Task statement: What you return must match the listing below line for line, minus its pictures.

Supplied information:
==============================

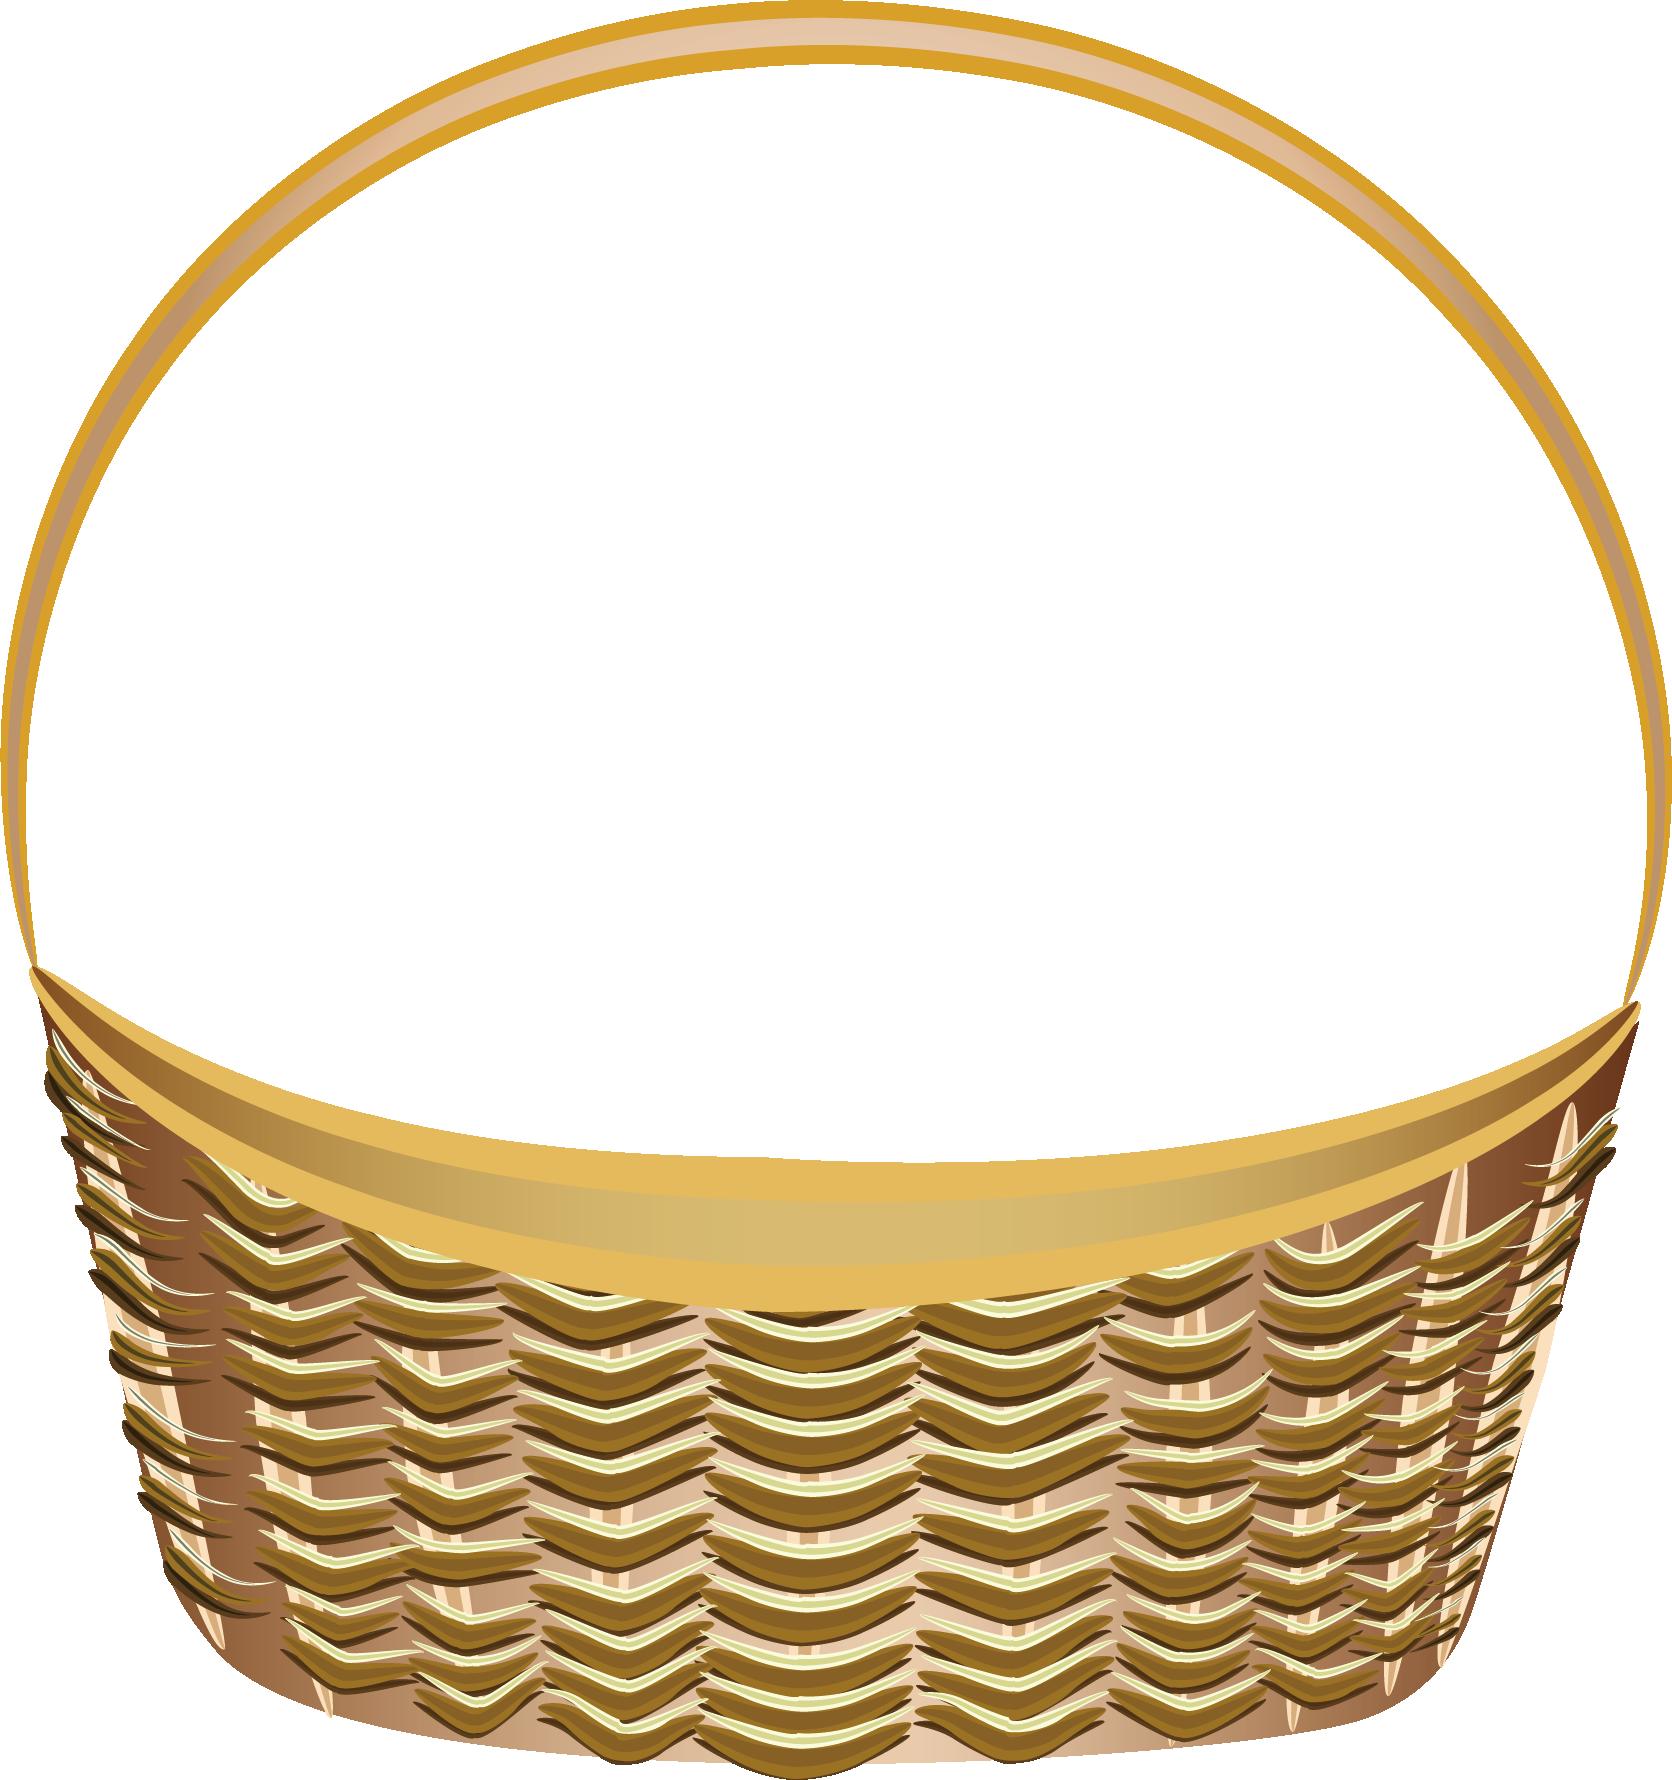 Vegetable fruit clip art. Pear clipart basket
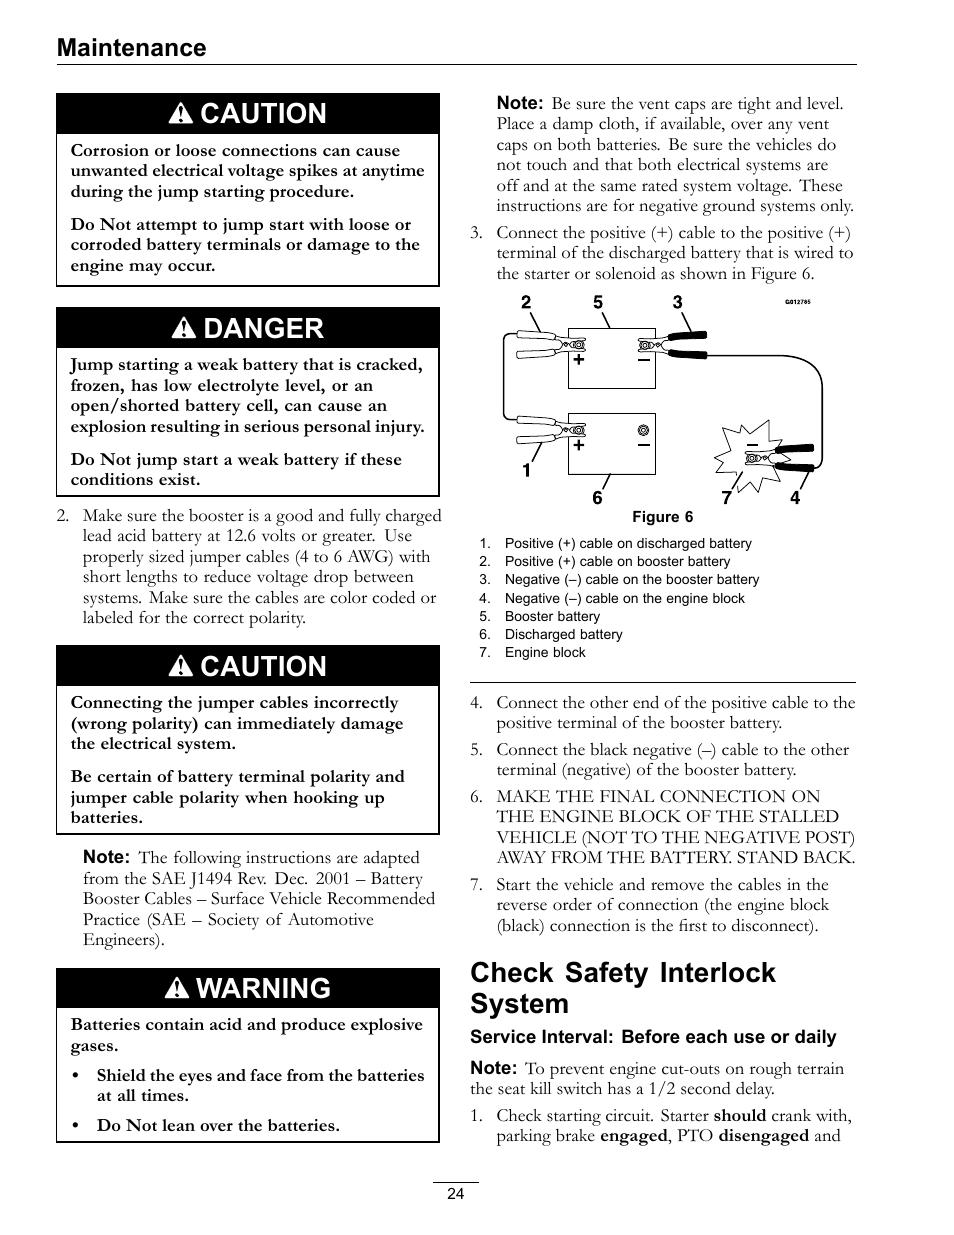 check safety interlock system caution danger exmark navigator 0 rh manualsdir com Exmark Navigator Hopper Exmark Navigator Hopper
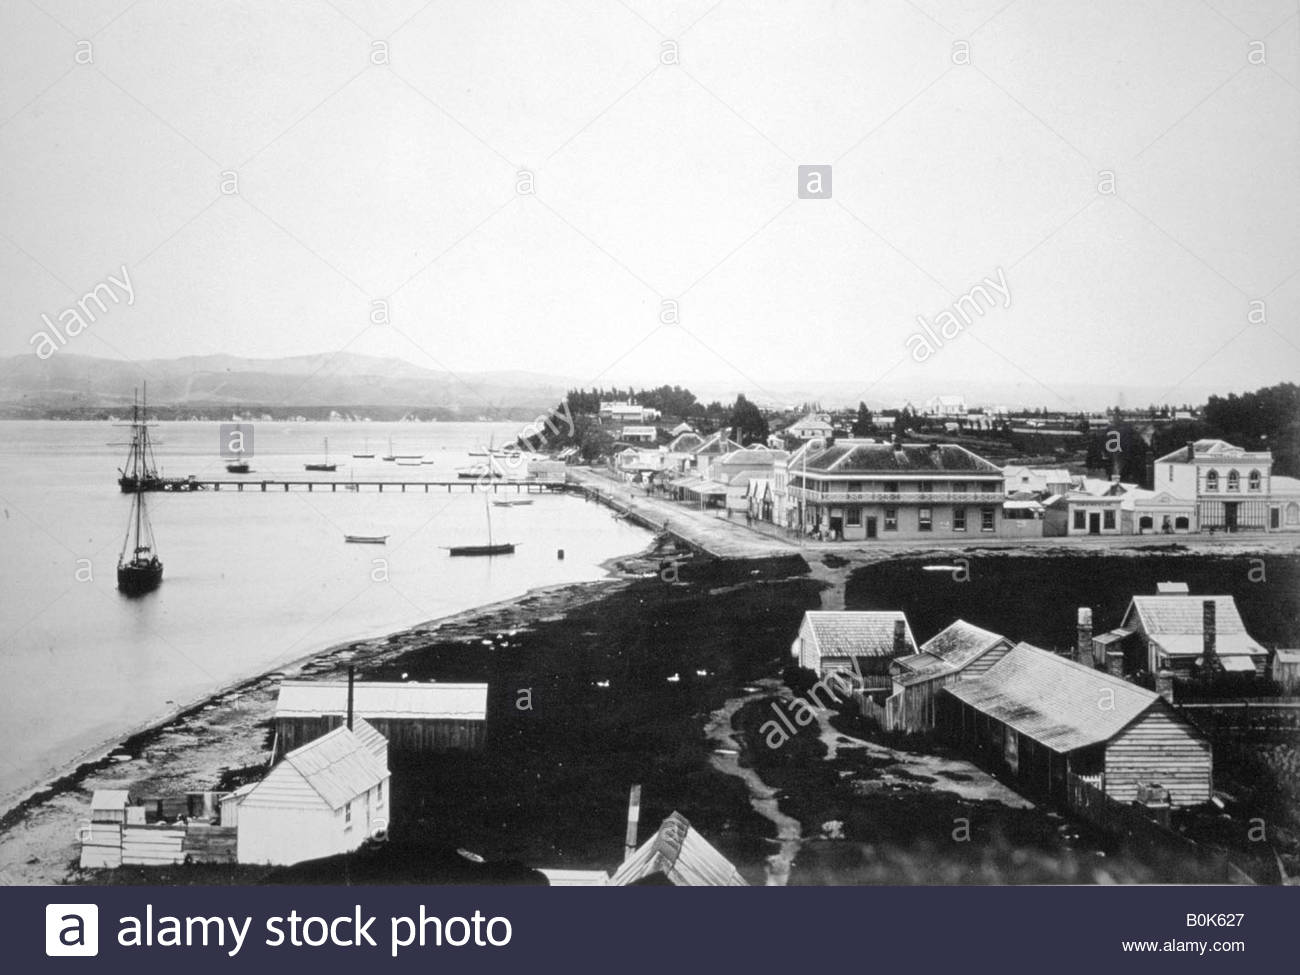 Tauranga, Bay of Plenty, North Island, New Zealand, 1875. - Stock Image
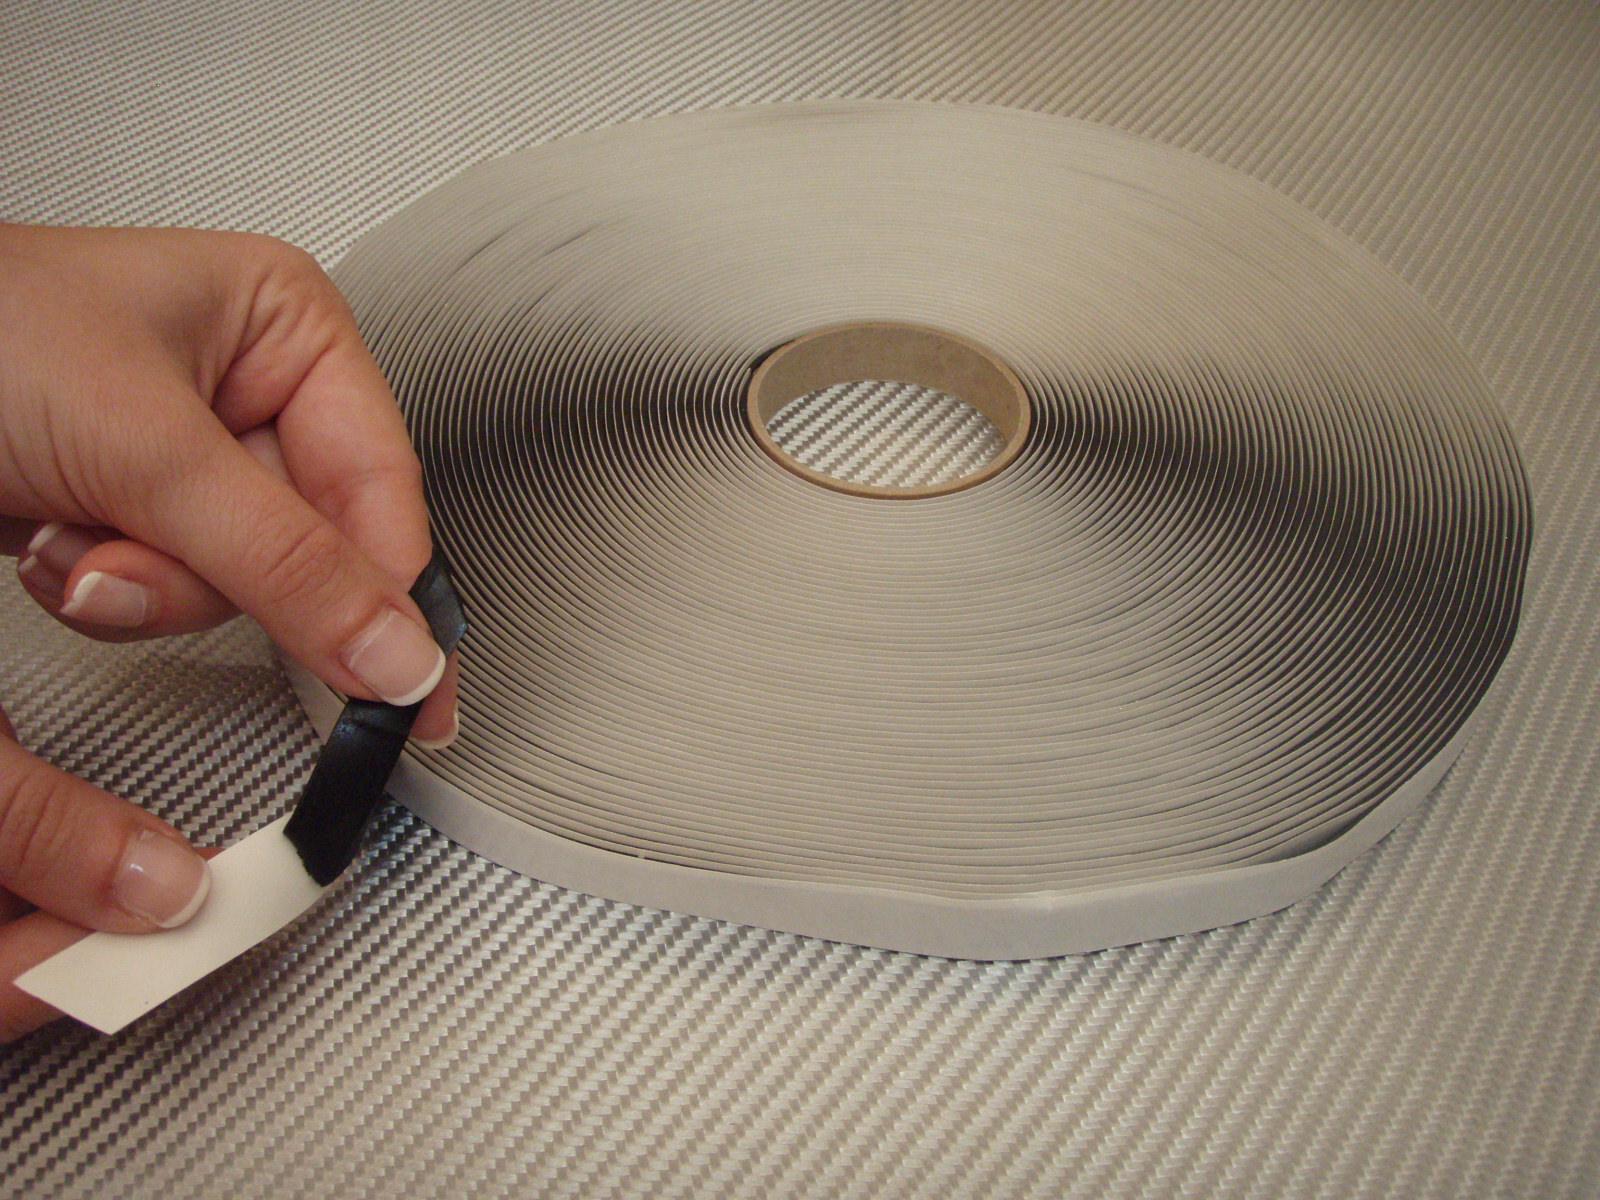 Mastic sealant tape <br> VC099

==============================

Answer area:
 Vegetable fruit clip art. Pear clipart basket
 check safety interlock system caution danger exmark navigator 0 rh manualsdir com Exmark Navigator Hopper Exmark Navigator Hopper
 Tauranga, Bay of Plenty, North Island, New Zealand, 1875. - Stock Image
 Mastic sealant tape <br> VC099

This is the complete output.